Secondo quanto appreso, un detenuto avrebbe simulato un malore, adducendo come pretesto la necessità di essere accompagnato in infermeria, per poi aggredire improvvisamente un appartenente al Corpo di Polizia Penitenziaria. Nel tentativo di contenere l'azione violenta e di ripristinare la sicurezza all'interno della struttura, sono intervenuti altri due agenti, rimasti a loro volta coinvolti nella colluttazione.

Per la Consipe si tratta dell'ennesimo episodio di violenza ai danni del personale di polizia penitenziaria, che il sindacato descrive come costretto a operare quotidianamente in condizioni sempre più difficili all'interno degli istituti di pena, segnate – secondo la denuncia sindacale – da carenza di organico, sovraffollamento delle strutture detentive e crescente aggressività della popolazione ristretta.

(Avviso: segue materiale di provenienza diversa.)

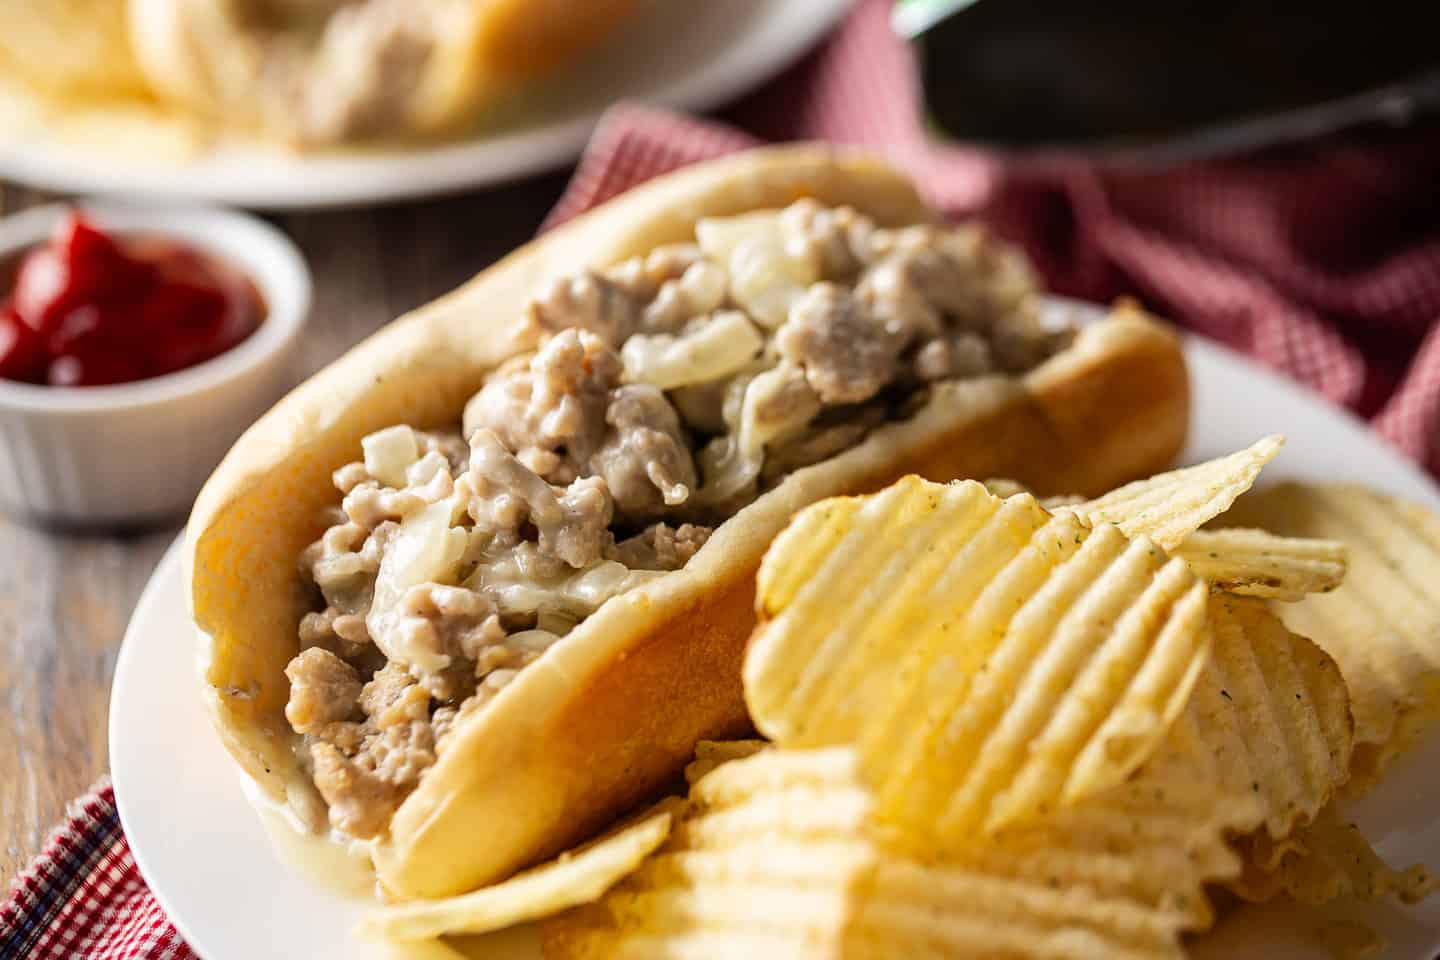 Chicken cheesesteaks recipe, prepared and served with potato chips and ketchup on the side.

Il vicepresidente della Consipe, Francesco Davide Scaduto, ha espresso «piena solidarietà e vicinanza» ai tre agenti coinvolti nell'episodio, augurando loro «una pronta guarigione» e ringraziandoli per «il coraggio, la professionalità e il senso dello Stato dimostrati nell'adempimento del proprio dovere».

Nel comunicato, la Consipe rinnova inoltre l'appello al governo, al parlamento e all'amministrazione penitenziaria affinché vengano adottati «con urgenza interventi legislativi e organizzativi concreti per garantire una maggiore tutela degli operatori penitenziari». Tra le richieste avanzate dal sindacato figurano pene più severe per chi aggredisce appartenenti alle forze di polizia nell'esercizio delle loro funzioni, la certezza della sanzione disciplinare nei confronti dei detenuti responsabili di atti di violenza, il rafforzamento degli strumenti di prevenzione e sicurezza all'interno degli istituti e il superamento delle carenze di organico che, secondo il sindacato, gravano sull'intero sistema penitenziario.

La Consipe ha infine dichiarato che continuerà a sostenere con determinazione ogni iniziativa finalizzata a garantire condizioni di lavoro più sicure e il pieno riconoscimento della professionalità delle donne e degli uomini della Polizia Penitenziaria.